Now he sat cross-legged on one of the blankets Zalia had given them to spread on the hay, the other two cast aside. He was looking out into the yard, past the porch where Gran-pere had told his tale, and toward the river. The moon flitted in and out of the clouds, first brightening the scene to silver, then darkening it. Eddie hardly saw what he was looking at. His ears were trained on the floor of the barn below him, where the stalls and pens were. She was down there somewhere, he was sure she was, but God, she was so quiet.
And by the way, who is she? Mia, Roland says, but tha
t's just a name. Who is she really?
But it wasn't just a name. It means mother in the High Speech, the gunslinger had said.
It means mother.
Yeah. But she's not the mother of my kid. The chap is not my son.
A soft clunk from below him, followed by the creak of a board. Eddie stiffened. She was down there, all right. He'd begun to have his doubts, but she was.

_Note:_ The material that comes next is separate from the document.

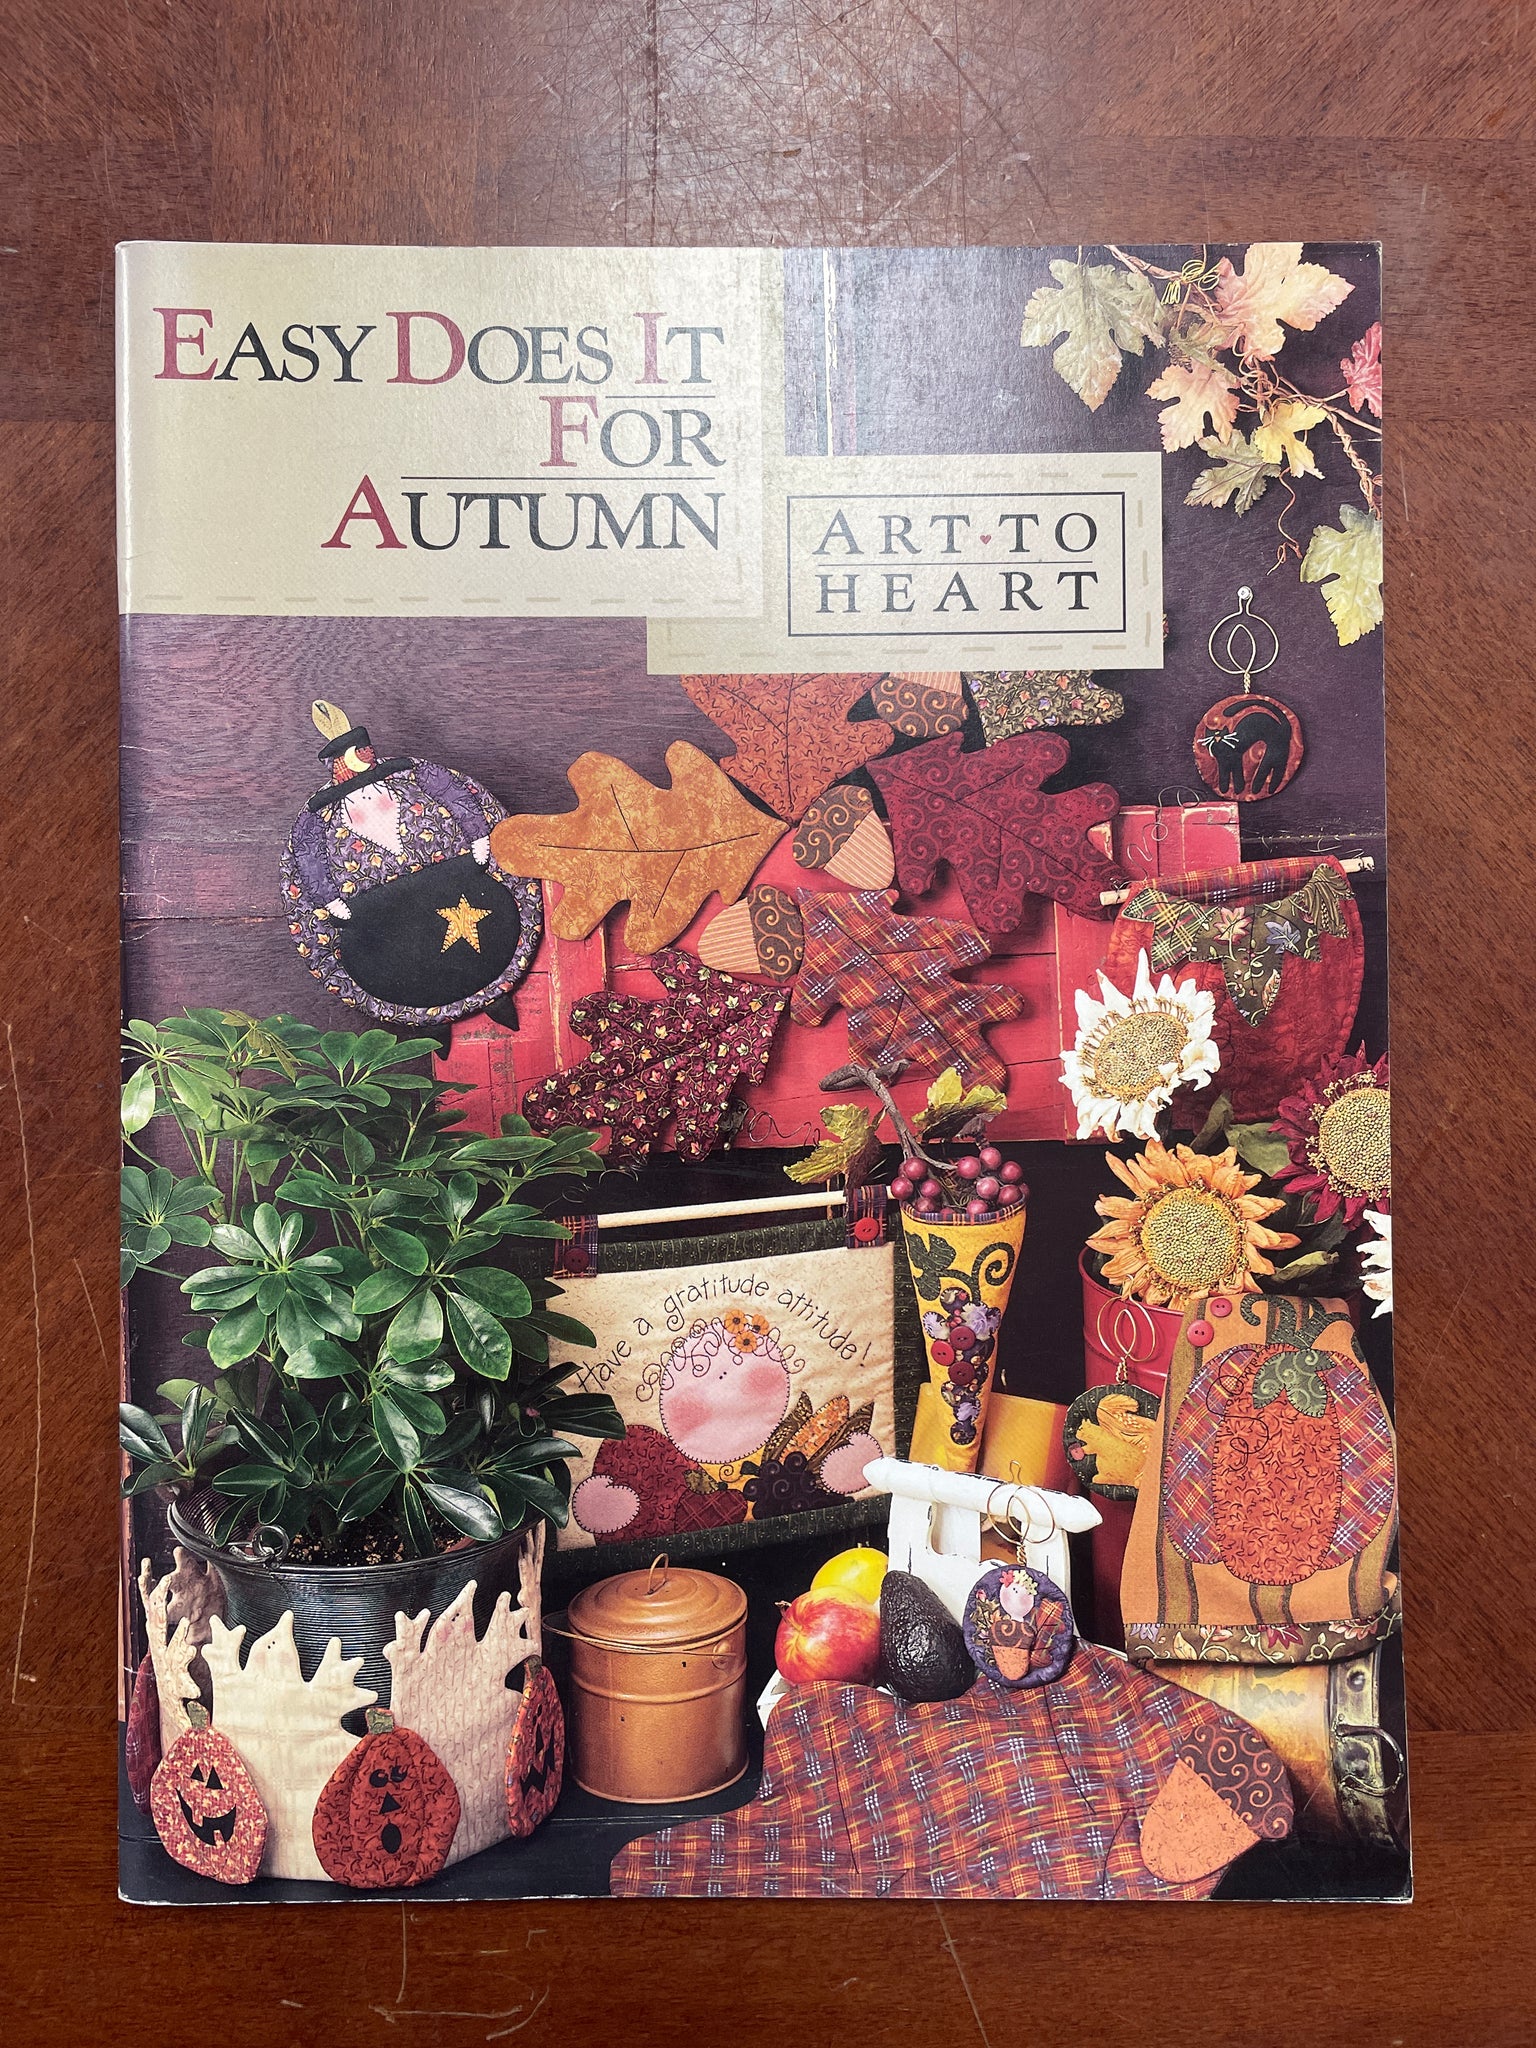 2003 Quilted Appliqué Pattern Book - "Easy Does It For Autumn"

He had awakened after perhaps six hours of deep and dreamless sleep to discover she was gone. He went to the barn's bay door, which they'd left open, and looked out. There she was. Even by moonlight he'd known that wasn't really Susannah down there in the wheelchair; not his Suze, not Odetta Holmes or Detta Walker, either. Yet she wasn't entirely unfamiliar. She--
You saw her in New York, only then she had legs and she knew how to use them. She had legs and she didn't want to go too close to the rose. She had her reasons for that, and they were good reasons, but you know what I think the real reason was? I think she was afraid it would hurt whatever it is she's carrying in her belly.
Yet he felt sorry for the woman below. No matter who she was or what she was carrying, she'd gotten herself into this situation while saving Jake Chambers. She'd held off the demon of the circle, trapping it inside her just long enough for Eddie to finish whittling the key he'd made.
If you'd finished it earlier--if you hadn't been such a damned little chickenshit--she might not even be in this mess, did you ever think of that?
Eddie had pushed the thought away. There was some truth to it, of course--he had lost his confidence while whittling the key, which was why it hadn't been finished when the time of Jake's drawing came--but he was done with that kind of thinking. It was good for nothing but creating a truly excellent array of self-inflicted wounds.
Whoever she was, his heart had gone out to the woman he saw below him. In the sleeping silence of the night, through the alternating shutters of moonlight and dark, she pushed Susannah's wheelchair first across the yard . . . then back . . . then across again . . . then left . . . then right. She reminded him a little of the old robots in Shardik's clearing, the ones Roland had made him shoot. And was that so surprising? He'd drifted off to sleep thinking of those robots, and what Roland had said of them: They are creatures of great sadness, I think, in their own way. Eddie is going to put them out of their misery. And so he had, after some persuasion: the one that looked like a many-jointed snake, the one that looked like the Tonka tractor he'd once gotten as a birthday present, the ill-tempered stainless-steel rat. He'd shot them all except for the last, some sort of mechanical flying thing. Roland had gotten that one.